Exercise directions.
Your answer must be an exact copy of the data below, minus any pictures.

Provided data.
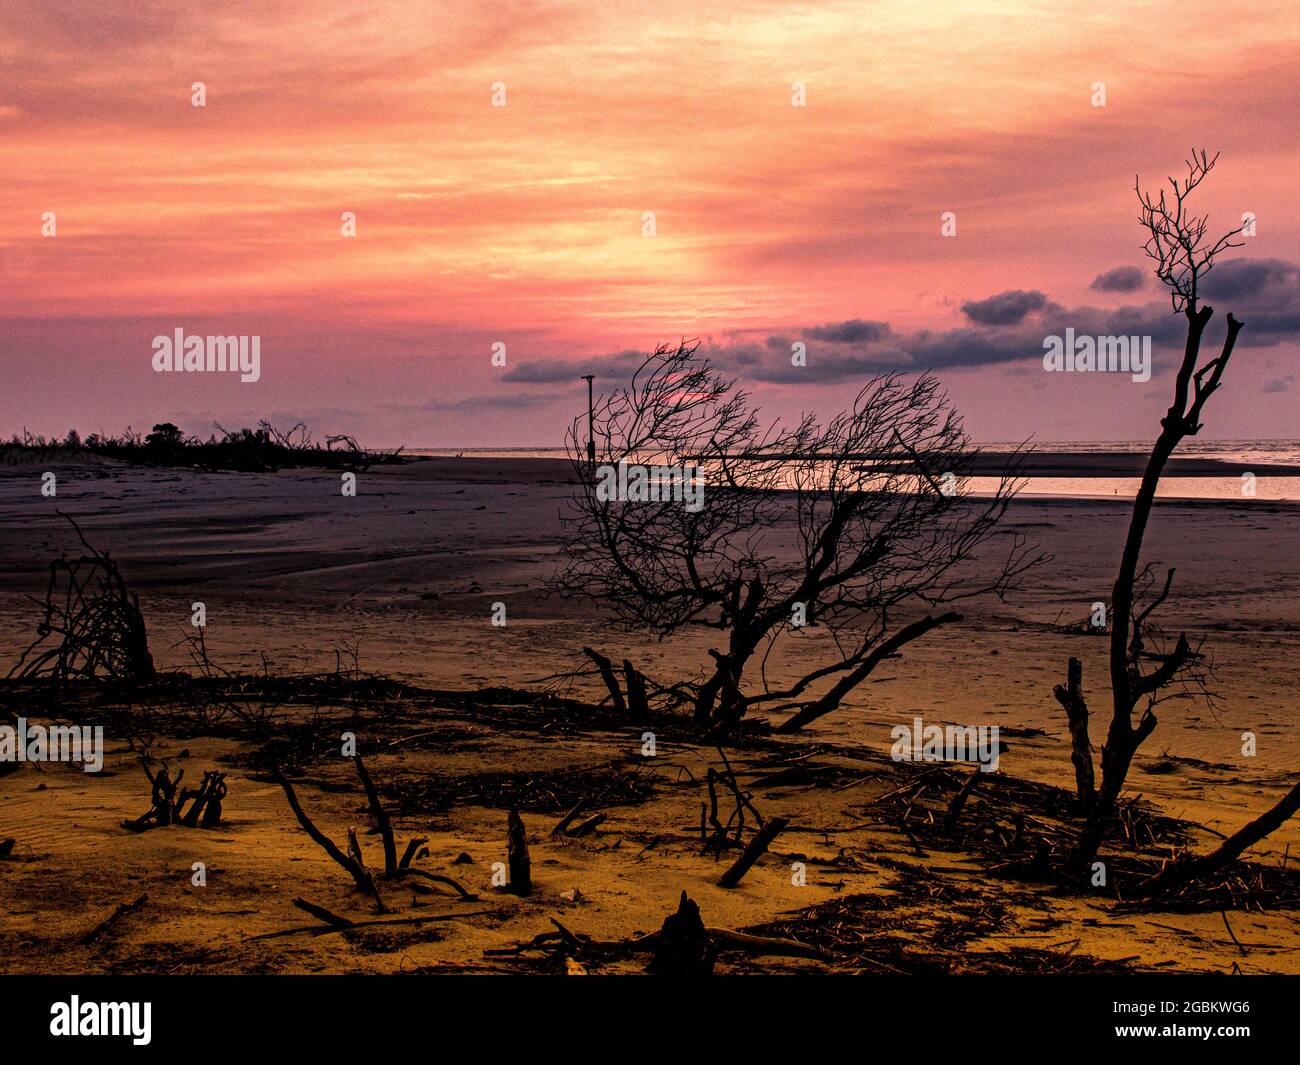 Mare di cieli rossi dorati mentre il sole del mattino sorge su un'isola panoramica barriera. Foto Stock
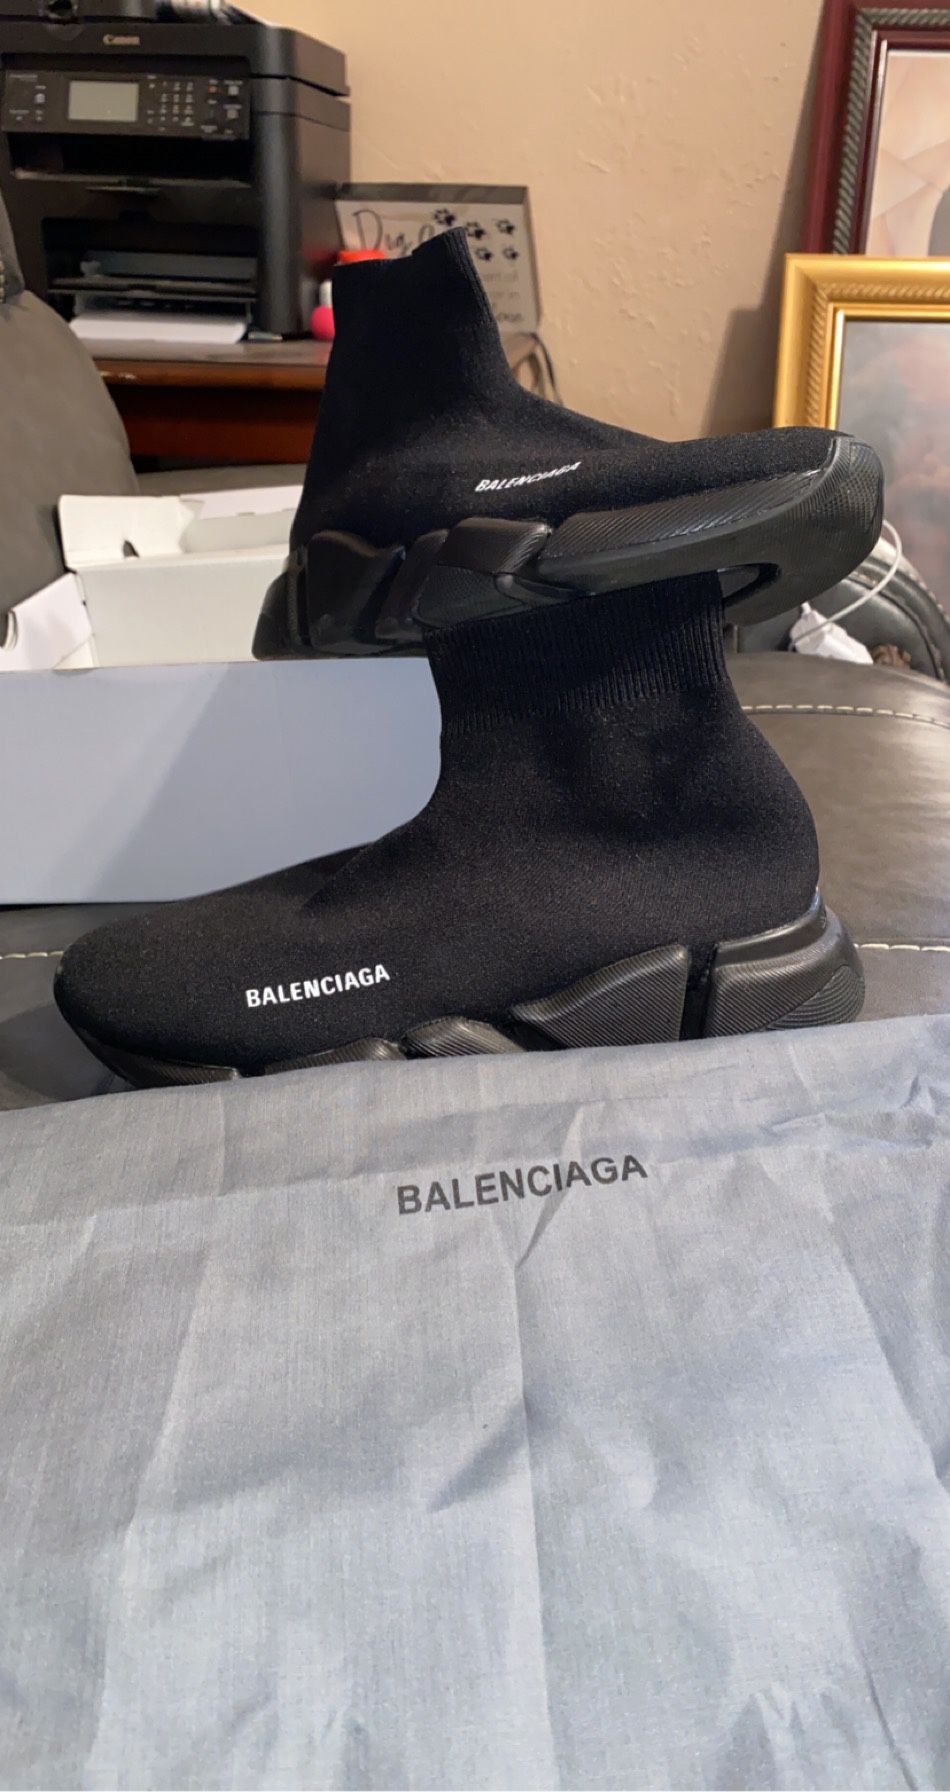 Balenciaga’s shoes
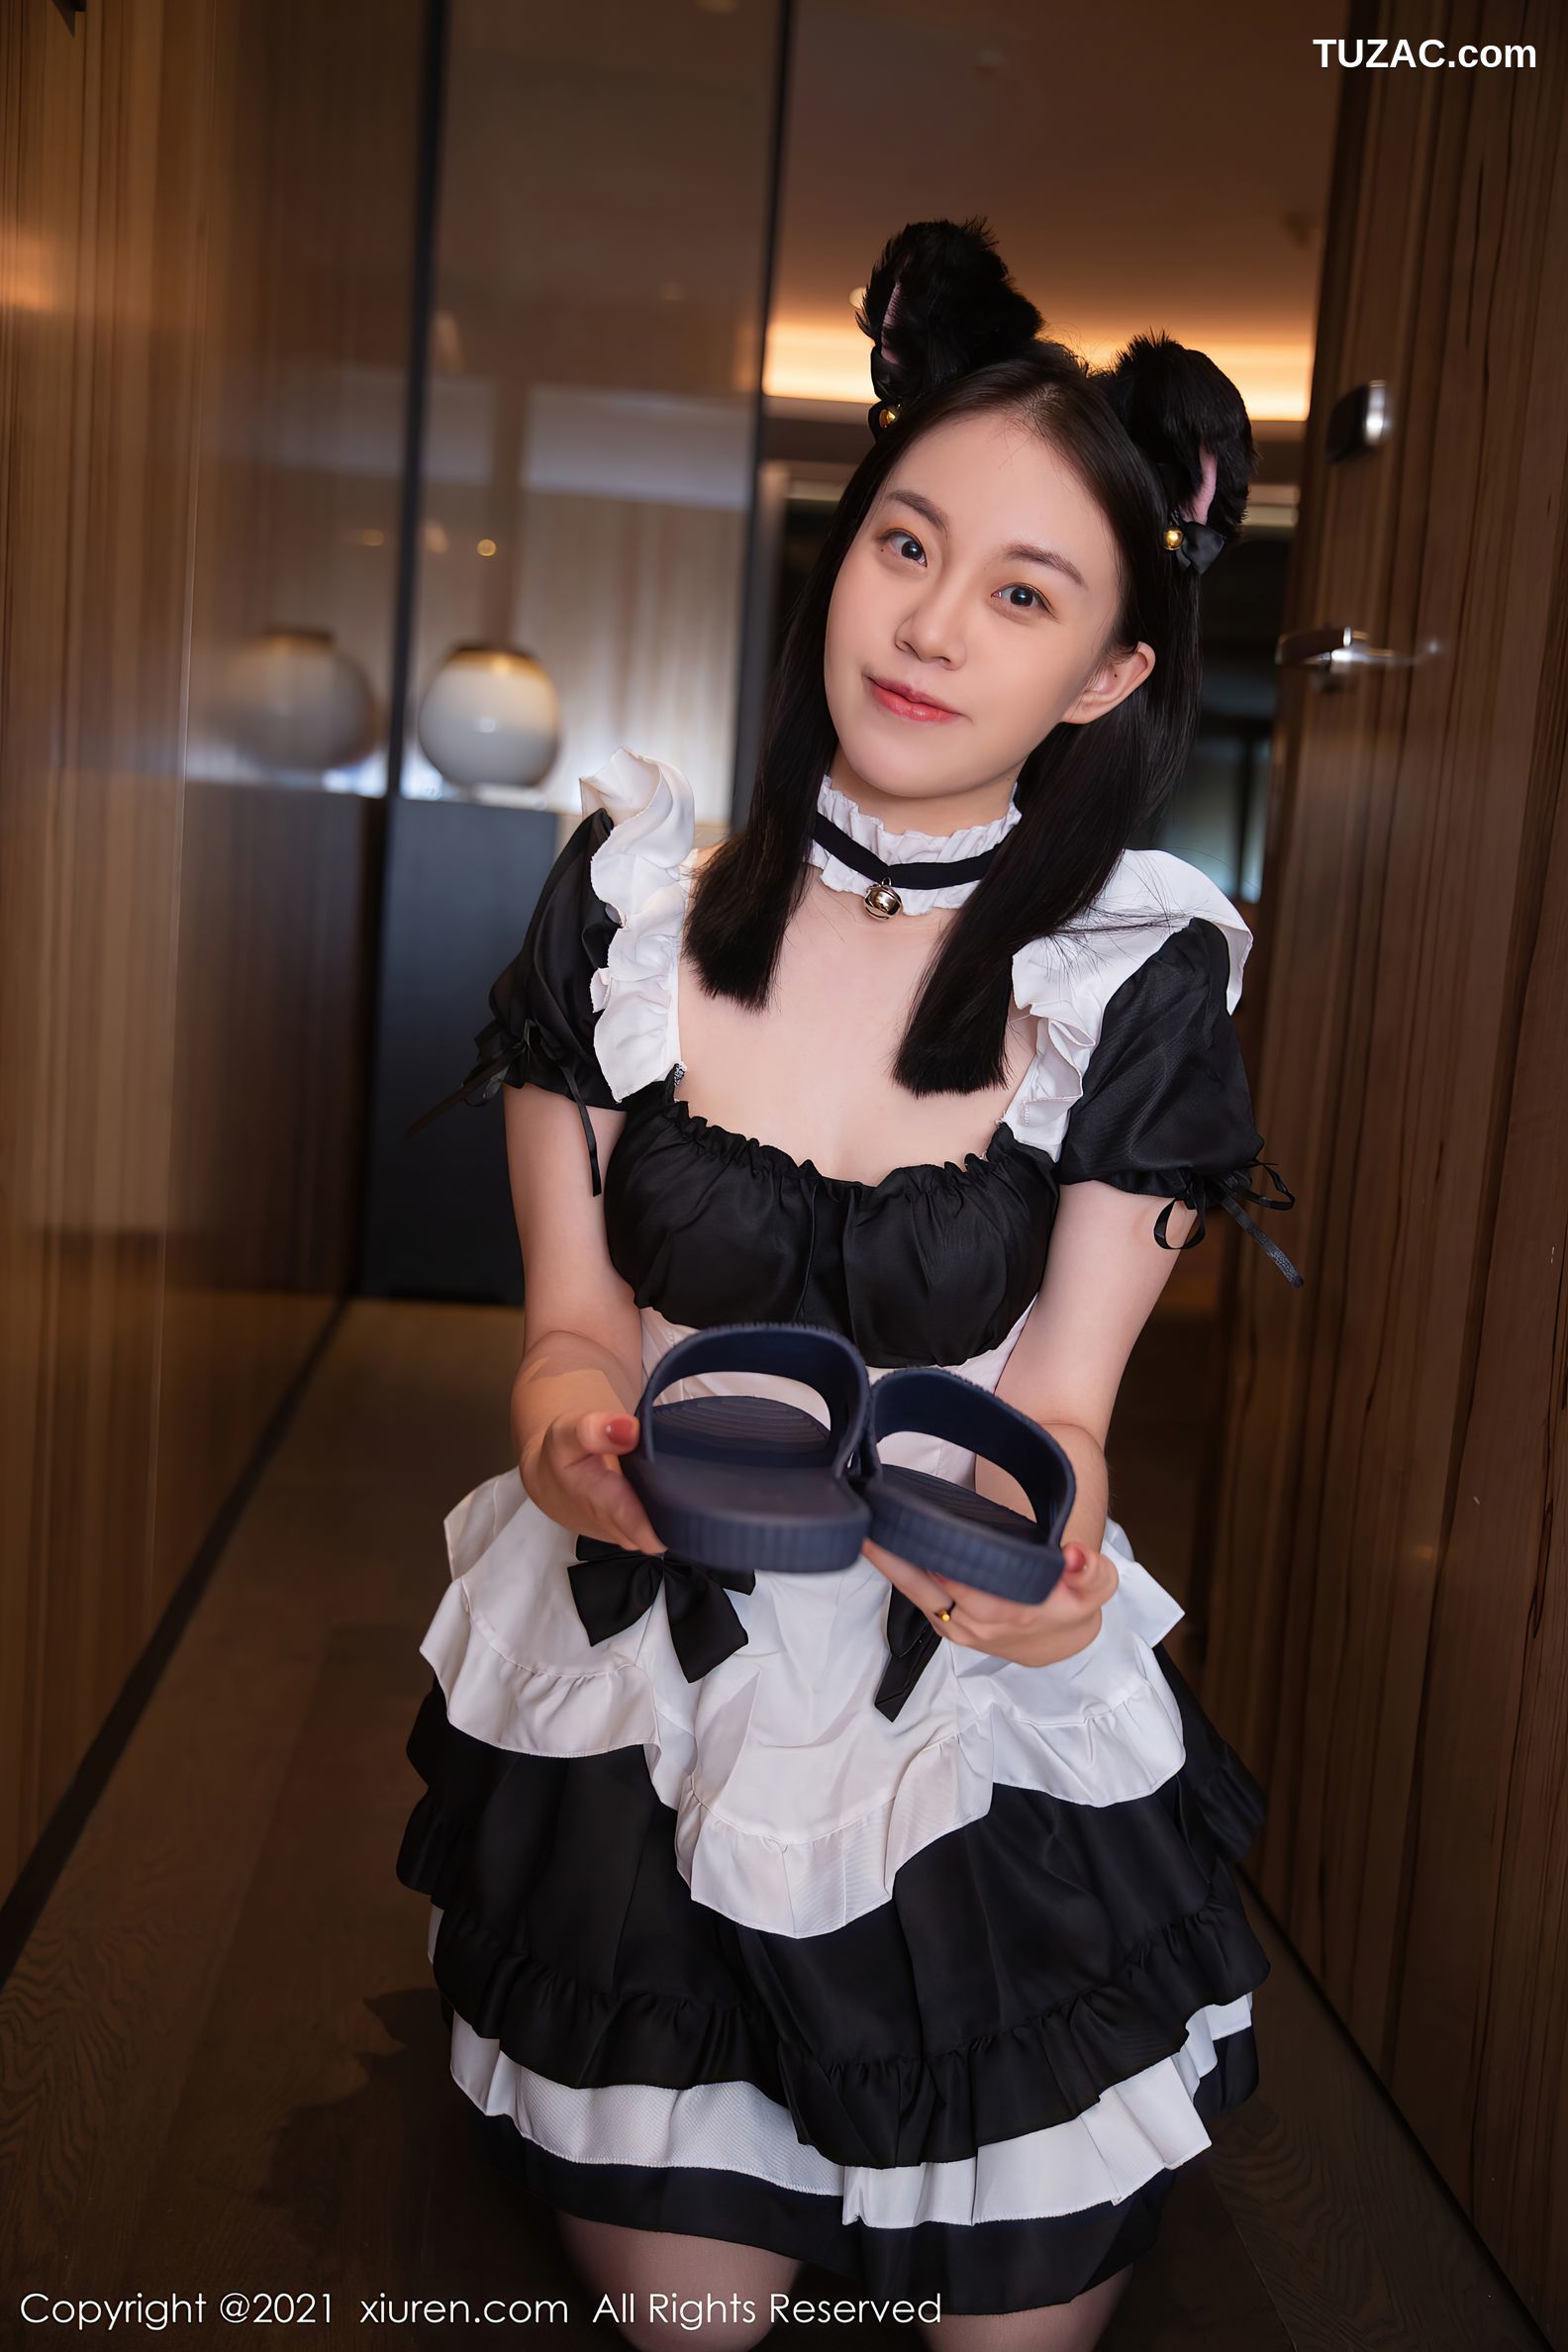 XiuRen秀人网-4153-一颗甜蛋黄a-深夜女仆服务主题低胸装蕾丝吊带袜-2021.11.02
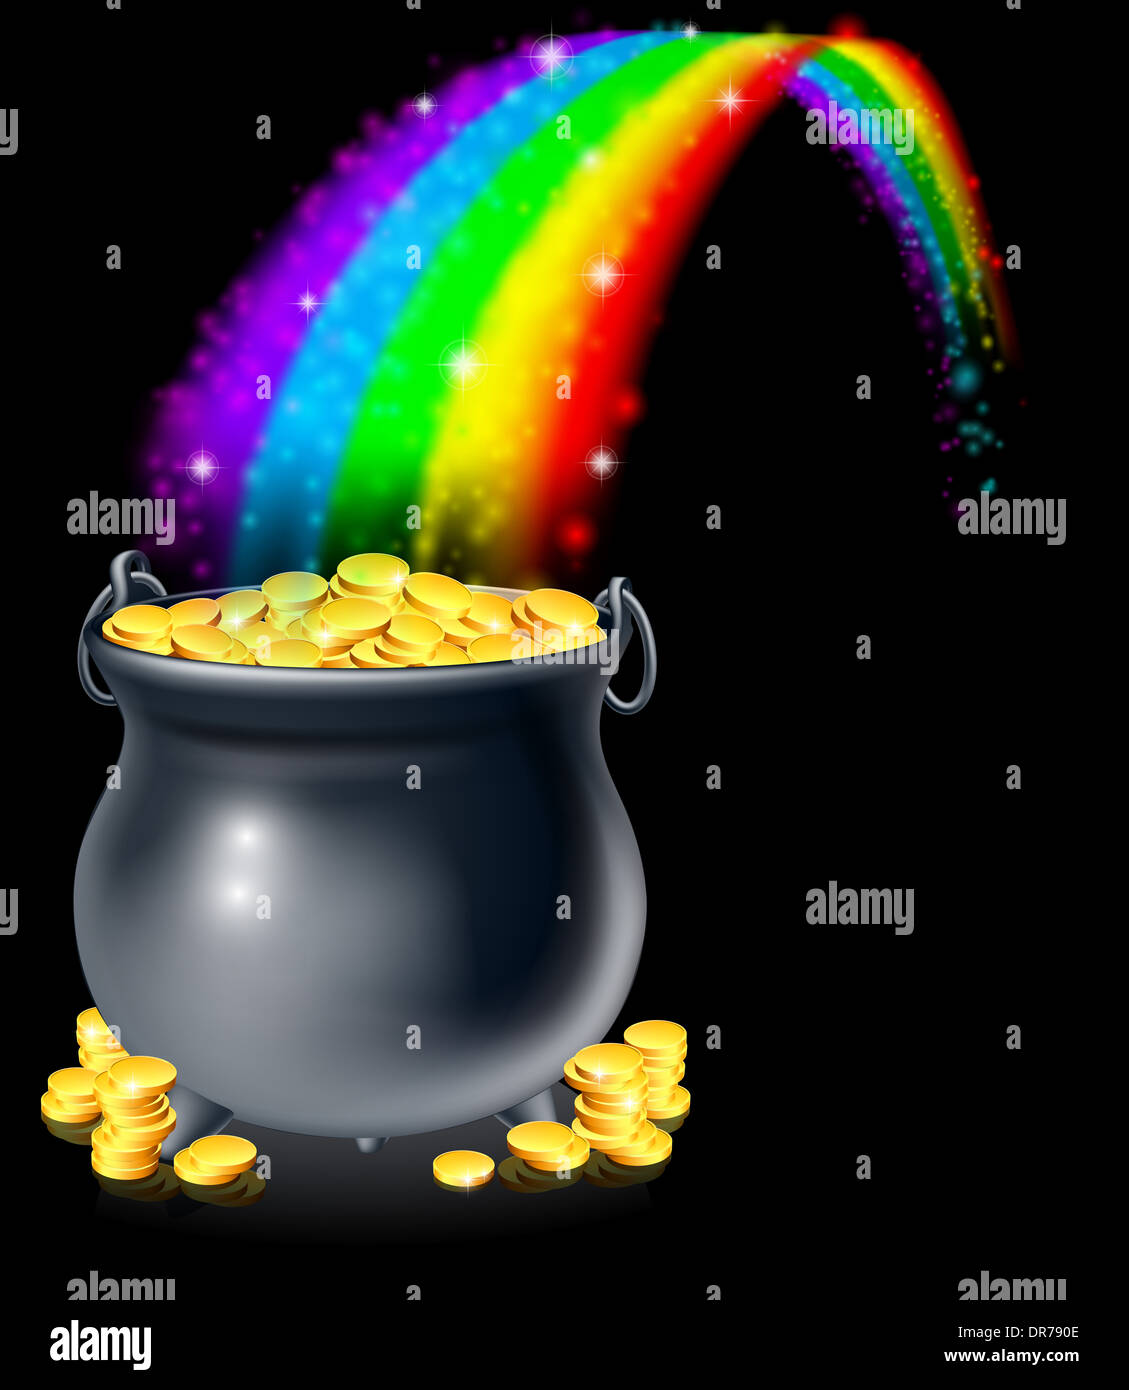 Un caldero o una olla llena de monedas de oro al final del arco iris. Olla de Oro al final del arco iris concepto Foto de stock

Answer area.
 Mare di cieli rossi dorati mentre il sole del mattino sorge su un'isola panoramica barriera. Foto Stock
 Balenciaga’s shoes
 XiuRen秀人网-4153-一颗甜蛋黄a-深夜女仆服务主题低胸装蕾丝吊带袜-2021.11.02
 Un caldero o una olla llena de monedas de oro al final del arco iris. Olla de Oro al final del arco iris concepto Foto de stock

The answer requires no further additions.